EIT-1M: One Million EEG-Image-Text Pairs for Human Visual-textual Recognition and More

Xu Zheng,Ling Wang,Kanghao Chen,Yuanhuiyi Lyu,Jiazhou Zhou,Lin Wang
2024-07-02
Abstract:Recently, electroencephalography (EEG) signals have been actively incorporated to decode brain activity to visual or textual stimuli and achieve object recognition in multi-modal AI. Accordingly, endeavors have been focused on building EEG-based datasets from visual or textual single-modal stimuli. However, these datasets offer limited EEG epochs per category, and the complex semantics of stimuli presented to participants compromise their quality and fidelity in capturing precise brain activity. The study in neuroscience unveils that the relationship between visual and textual stimulus in EEG recordings provides valuable insights into the brain's ability to process and integrate multi-modal information simultaneously. Inspired by this, we propose a novel large-scale multi-modal dataset, named EIT-1M, with over 1 million EEG-image-text pairs. Our dataset is superior in its capacity of reflecting brain activities in simultaneously processing multi-modal information. To achieve this, we collected data pairs while participants viewed alternating sequences of visual-textual stimuli from 60K natural images and category-specific texts. Common semantic categories are also included to elicit better reactions from participants' brains. Meanwhile, response-based stimulus timing and repetition across blocks and sessions are included to ensure data diversity. To verify the effectiveness of EIT-1M, we provide an in-depth analysis of EEG data captured from multi-modal stimuli across different categories and participants, along with data quality scores for transparency. We demonstrate its validity on two tasks: 1) EEG recognition from visual or textual stimuli or both and 2) EEG-to-visual generation.
Computer Vision and Pattern Recognition,Human-Computer Interaction
What problem does this paper attempt to address?
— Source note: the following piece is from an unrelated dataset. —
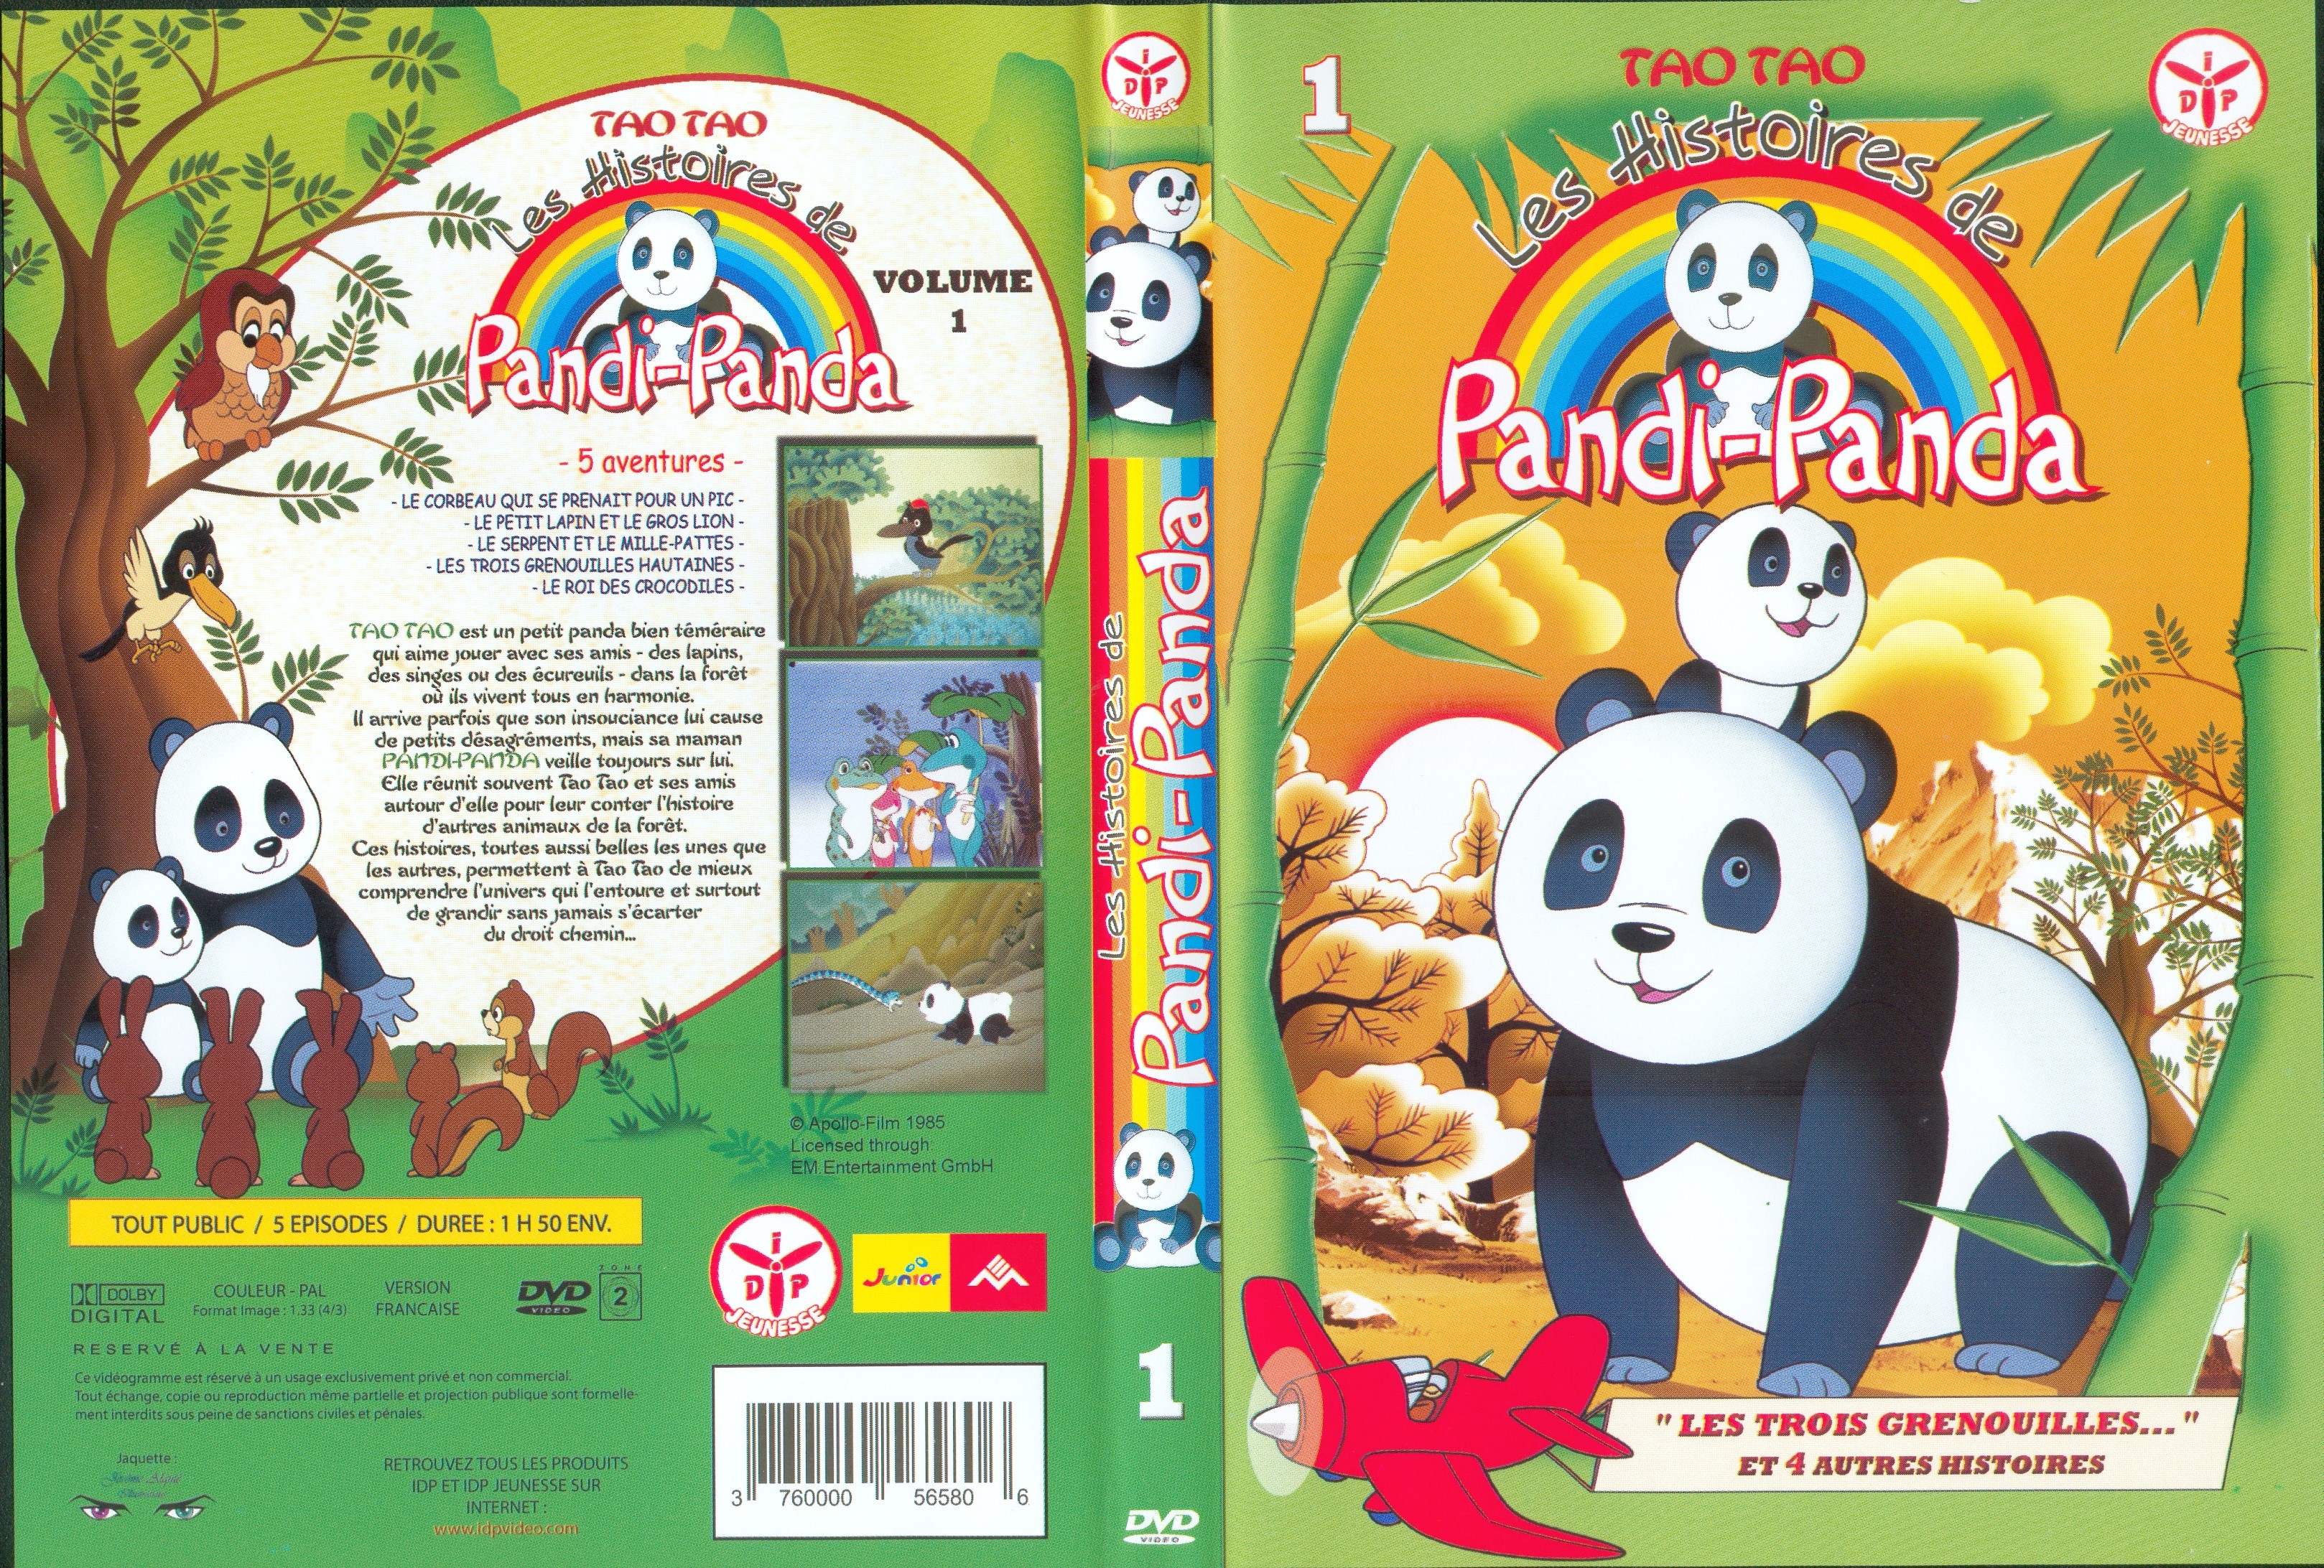 Jaquette DVD Pandi panda vol 1

The paper attempts to address the shortcomings of existing EEG datasets in multimodal information processing. Specifically, the existing EEG datasets have the following two main issues: 1. **Limited number of EEG samples per category**: This limits the quality and accuracy of the datasets, especially in capturing brain activity. 2. **Only contain single-modal stimuli (visual or textual)**: This makes these datasets difficult to use for training high-performance multimodal AI models. To overcome these issues, the paper proposes a new large-scale multimodal dataset, EIT-1M, which contains over 1 million pairs of EEG-image-text data. By collecting brain activity data from participants while they view alternating visual and textual stimuli, EIT-1M aims to better reflect brain activity when processing multimodal information simultaneously. ### Main Contributions - **Large-scale dataset**: EIT-1M contains over 1 million pairs of EEG-image-text data, providing rich multimodal information. - **High-quality data**: Through carefully designed experimental setups and data preprocessing methods, the quality and reliability of the data are ensured. - **Multimodal information processing**: The dataset covers both visual and textual stimuli, supporting the training and research of multimodal AI models. ### Experimental Validation To validate the effectiveness of EIT-1M, the paper conducted the following two experiments: 1. **EEG recognition task**: Recognizing EEG signals from visual or textual stimuli or a combination of both. 2. **EEG to image generation task**: Generating images from EEG signals. The experimental results show that EIT-1M performs excellently in multimodal information processing, with significant performance improvements, especially when combining visual and textual stimuli. ### Conclusion and Future Work The paper demonstrates the advantages of the EIT-1M dataset in multimodal information processing, providing a valuable resource for multimodal AI and cognitive neuroscience research. Future work can further expand the scale and diversity of the dataset, explore more application scenarios, and improve data collection and processing methods.